I could finally fix the window!

The glass pane fit perfectly in a recess in the frame. It looks like it was held in place by a single nail at the top! The metal side, where a stove pipe used to go through, has about a dozen nails holding it!

As the cats go through that hole, I screwed scrap boards across both halves to hold them in place.

Also, I’m short. I found the cinder block by the storage shed to stand on, so I could reach the top of the window. When cleaning up later, it joined the 5 or 6 glazed bricks that I’d also uncovered by the old furnace.

I keep finding those, absolutely everywhere! I would not be the least surprised if I move the old furnace, and find more of them under it.

One of these days, I need to remember to ask my brother if he knows where they all came from, and why my parents got them! Or maybe my mother might remember.

Now, what am I to do with all the tires I dragged out?

Why, drag them back again, of course. 😀

The stack on the left is covering that bar that’s sticking out of the ground, so no one will accidentally hurt themselves on it. Those tires all have rims. The others are by the window so the cats can still get in through the opening. The ones lying flat have no rims, so they can potentially provide critter shelter.

Yeah. I’m a suck.

I am keeping a fair bit of the maple I cut. I’m sure I will be able to find something I can make with them! 🙂

There is still a small window at the end of the shack that needs to be fixed. It’s made up of 4 squares of glass, framed by a + of wood in the middle. One of the three squares is gone, but I have yet to find it on the ground, so I don’t know if it has broken or not.

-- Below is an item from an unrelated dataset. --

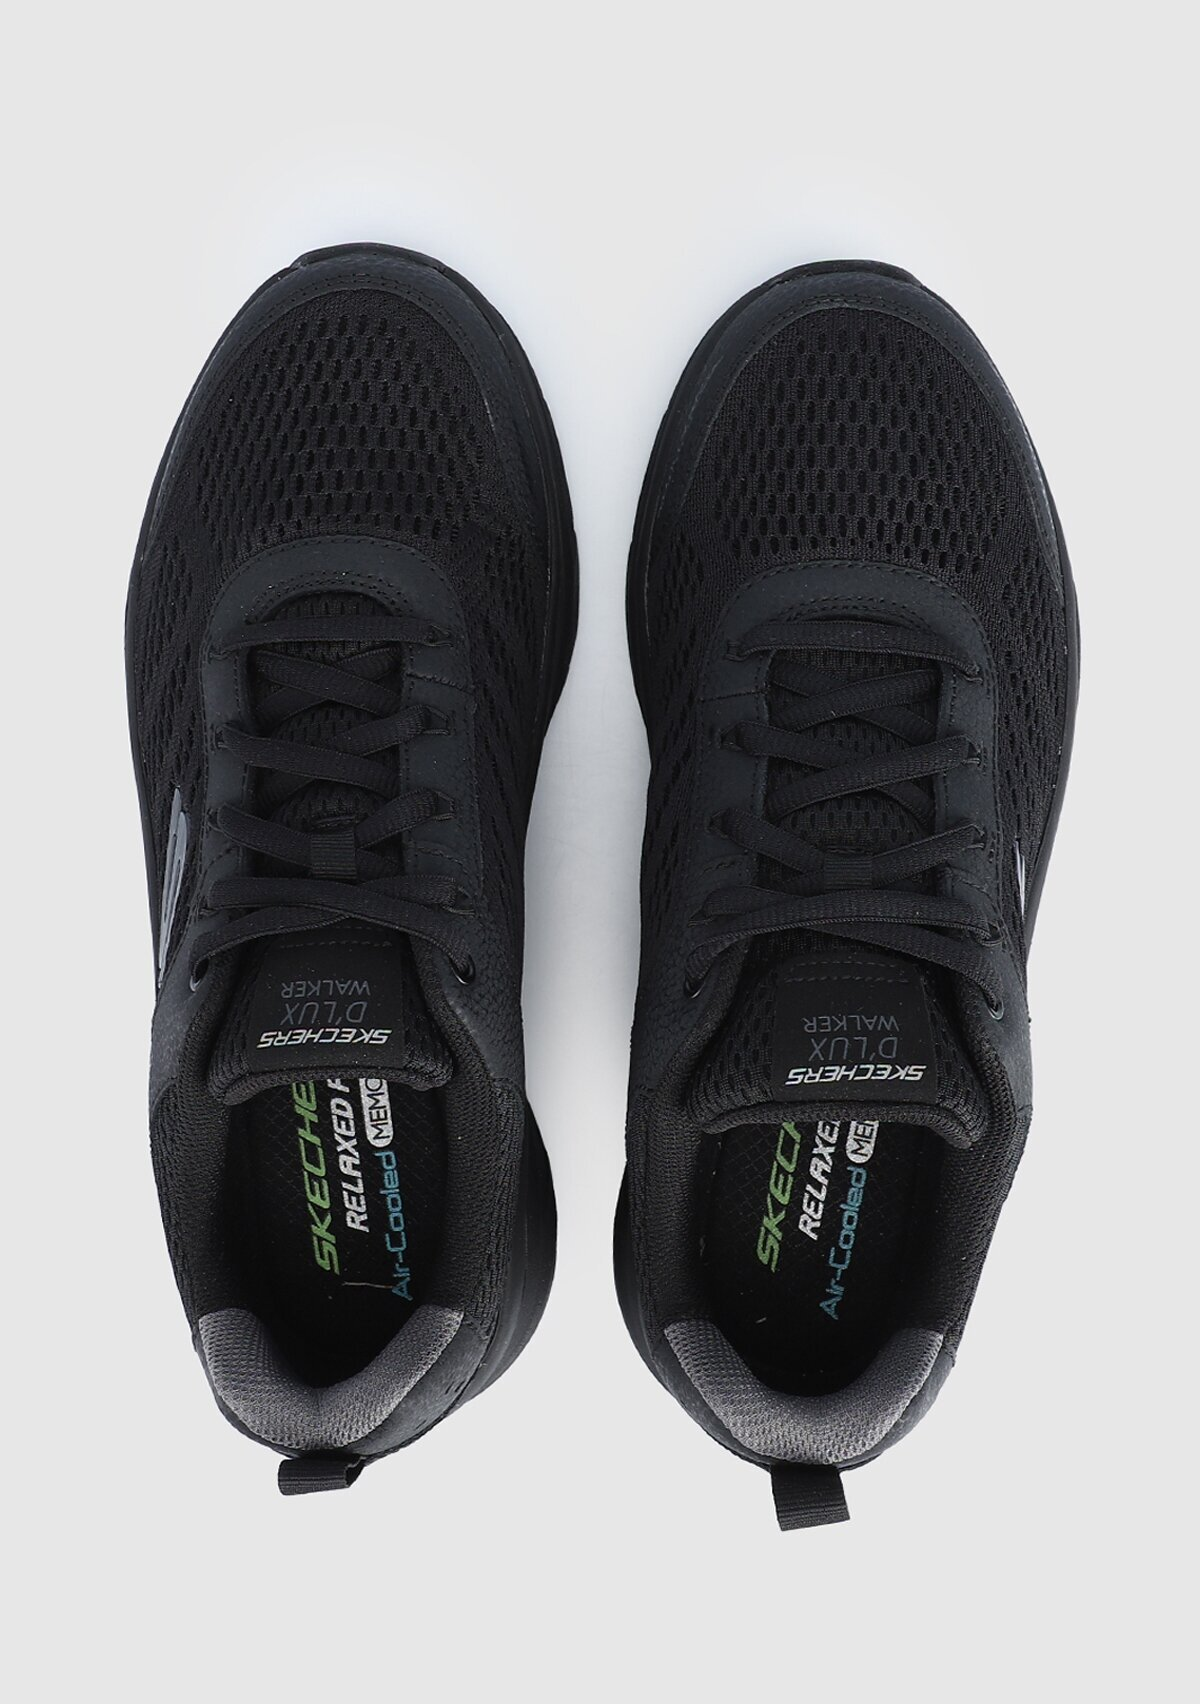 resm D'Lux Walker Siyah Erkek Sneaker 232044Bbk
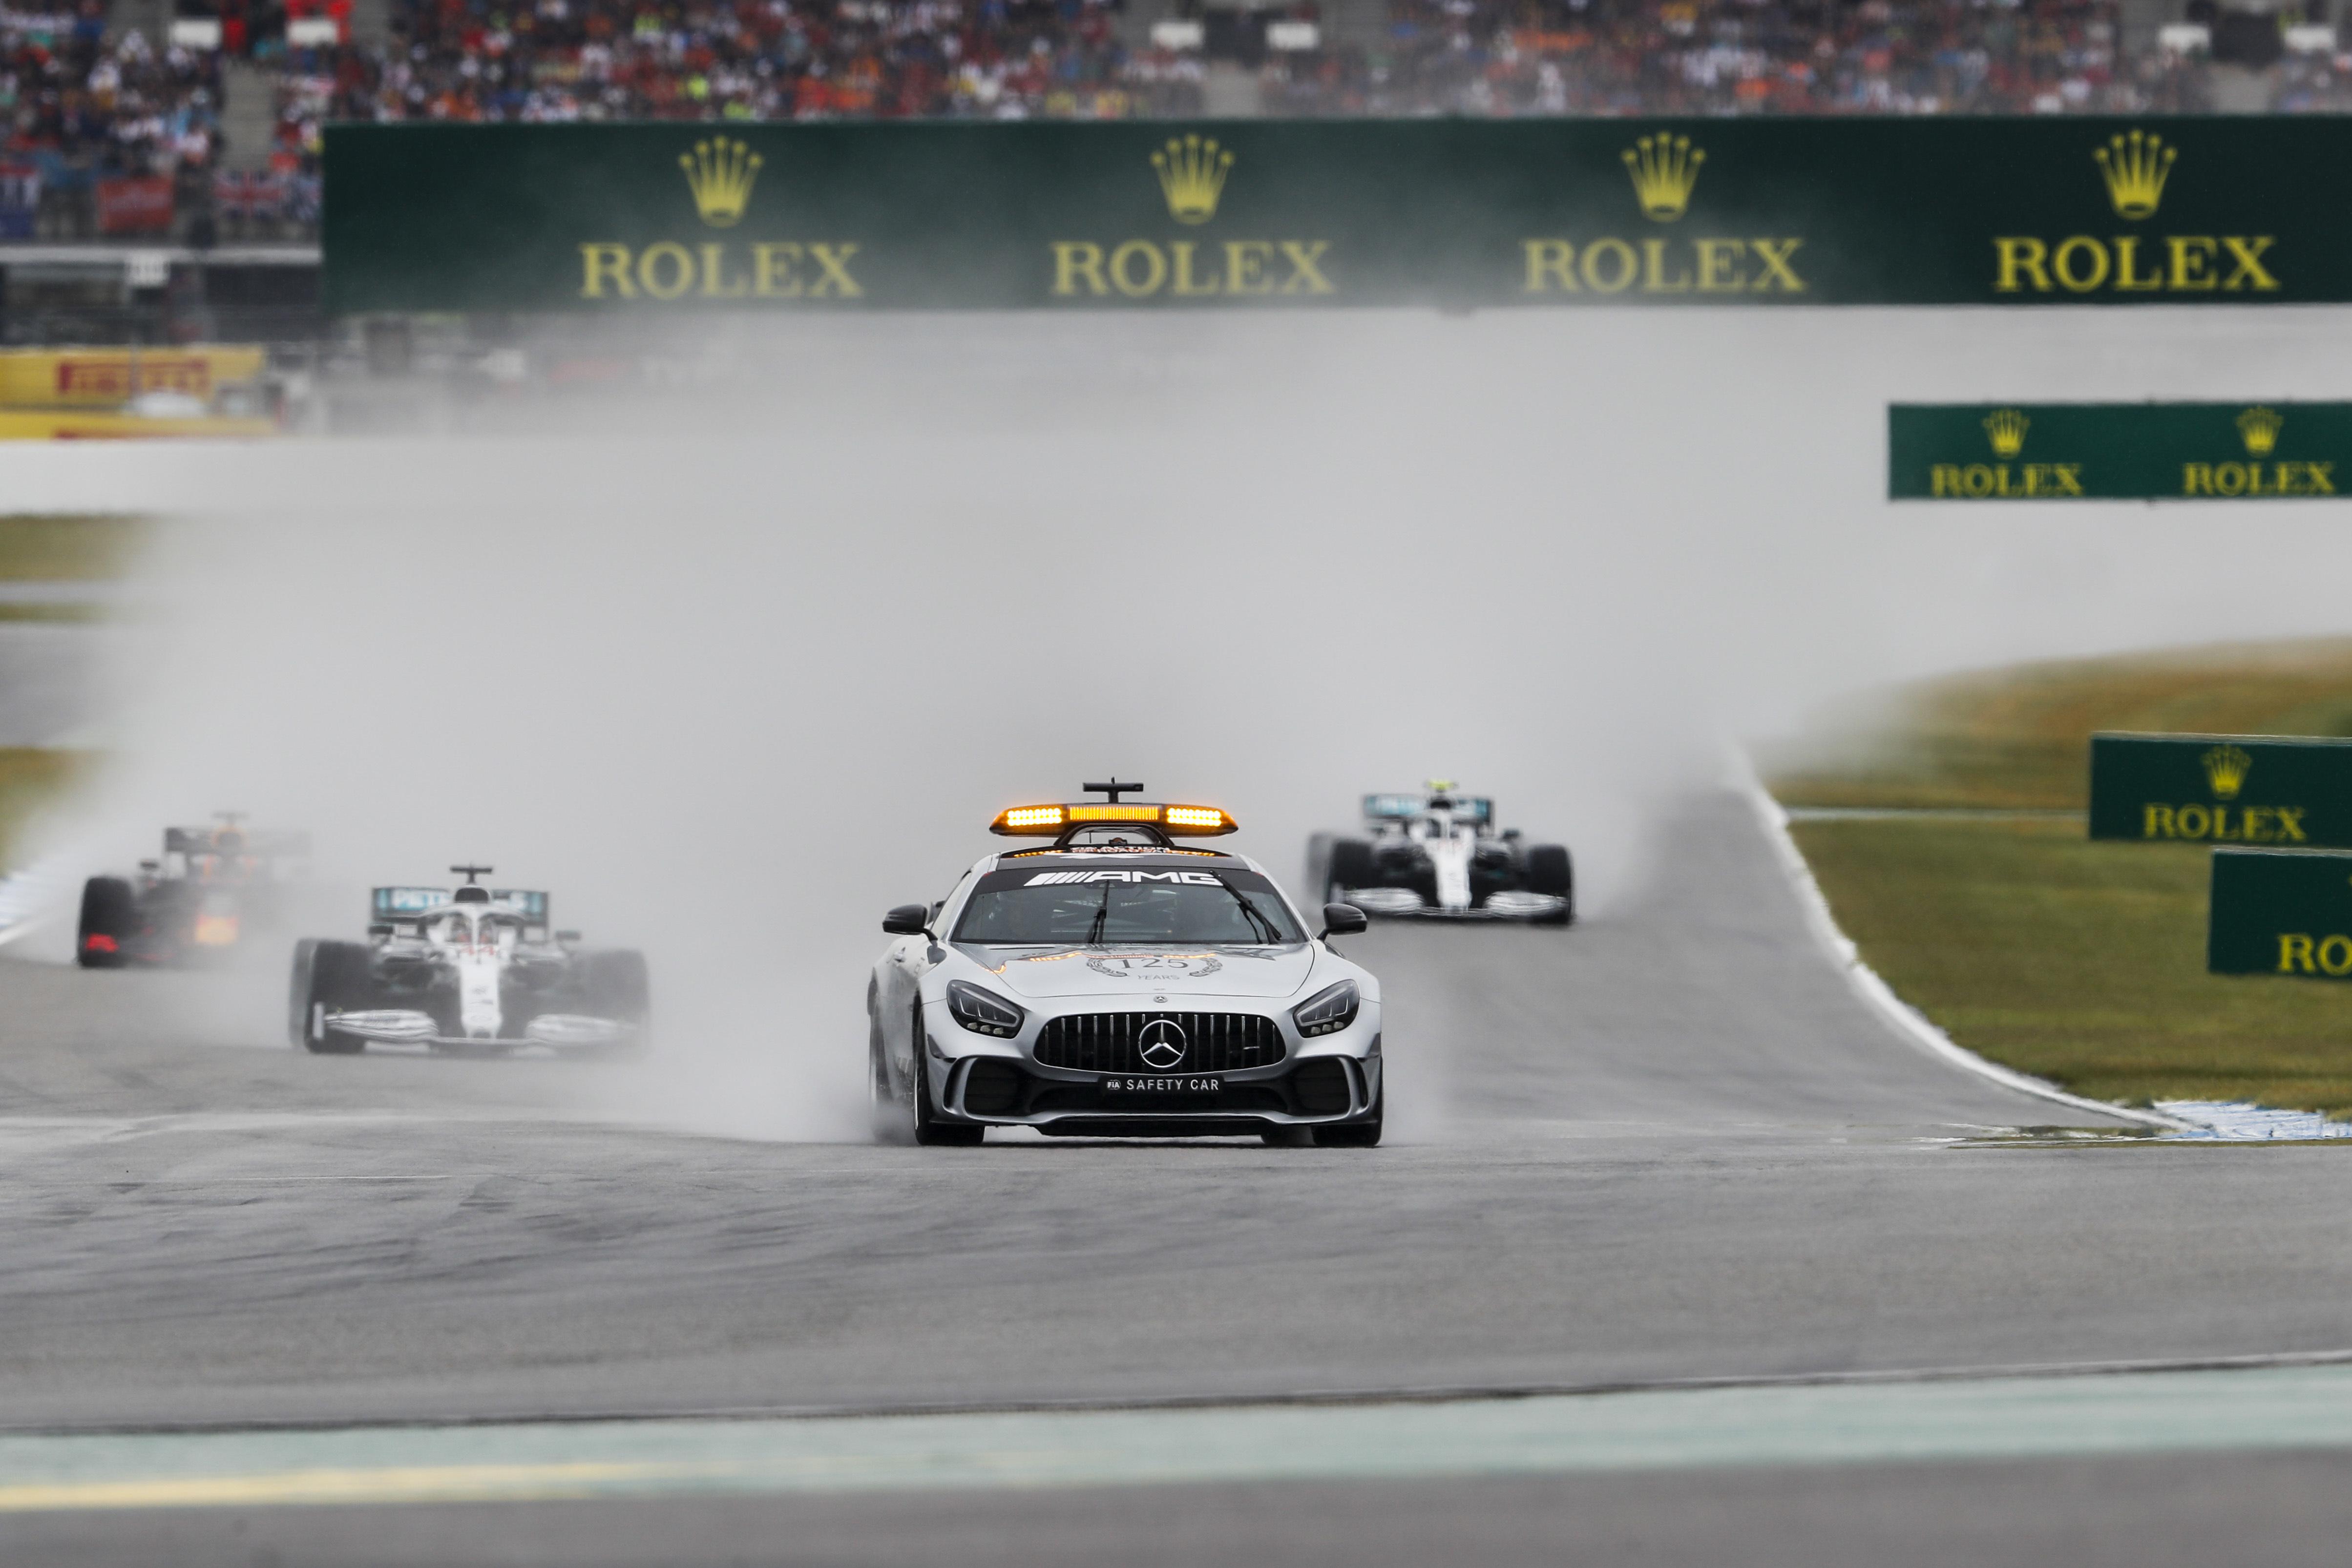 Masszívabb autók és színes lámpák jöhetnek az F1-ben

I’m just assuming it’s broken, since I saw the cat that jumped through it.

Tomorrow is going to be our last warmish day for quite some time, so I’m hoping to be able to get that done. I might end up just boarding that one up completely. We’ll see.

That’s assuming my body is up to it. I’m feeling pretty sore right now! 😀

The Re-Farmer

9 thoughts on “Clean Up and Winterizing: fixing the pump shack window

  1. That bendy pipe in the ground… That’s a straw that goes down to the septic tank. 😀

    Aren’t you glad you have me around to help with these things? ROFL.

    On a more serious note; Maple makes great wood for smoking pork. That’s IF you don’t decide to make more spoons out of some of it… or a shiv to deal with mask nuts, lol. That cast iron pan should clean up nicely also. It’s just going to take alot of work by hand, or sandblasting or hot tanking it.

    Once it’s cleaned up…

    Liked by 1 person

    • Nope! It’s not a pipe. It’s solid steel. And there is no septic tank there. 😀

      I should have plenty of maple to do both! There are quite a few of them that need to be cleaned up.

      I was thinking about cleaning up the pan. I probably will – or maybe use it as is in one of my “art displays” that I have in mind, as I uncover more and more odd stuff! LOL

      Liked by 1 person

  2. Well, properly cleaned up and painted, it would make an excellent El Kabong’er. 😀

    I seem to recall something about salt and vinegar being good for removing heavy surface rust like that from cast iron. Might be worth checking if it can save you some chicken sweat. 🙂

    Liked by 1 person

  3. That sink is awesome! The sinks in “today’s” kitchens are (being polite)….inadequate….

    As for the cast iron cleaning. http://wag-society.org/ On the left side of the is “Forum”. Click there and then look for the “Cleaning and Restoration” section.

    It’s heavy on electrolysis (some scrap steel, a battery charger, a plastic container, water and washing soda), but it has info on vinegar and “mechanical methods”. Then there is the seasoning, which is *EASY* and is a wonderful thing to do in the winter–hot oven keeping the kitchen warm!

    I think cast iron is “the way to go” for cooking.

    Liked by 1 person

    • Thank you for another wonderful resource!

      And I totally agree with you about modern sinks! One of the places we lived in had a similar enameled sink, but with drain areas on both sides instead of just one. The sink itself was big enough to lay a 9×13 making sheet flat, with room to spare. It was awesome!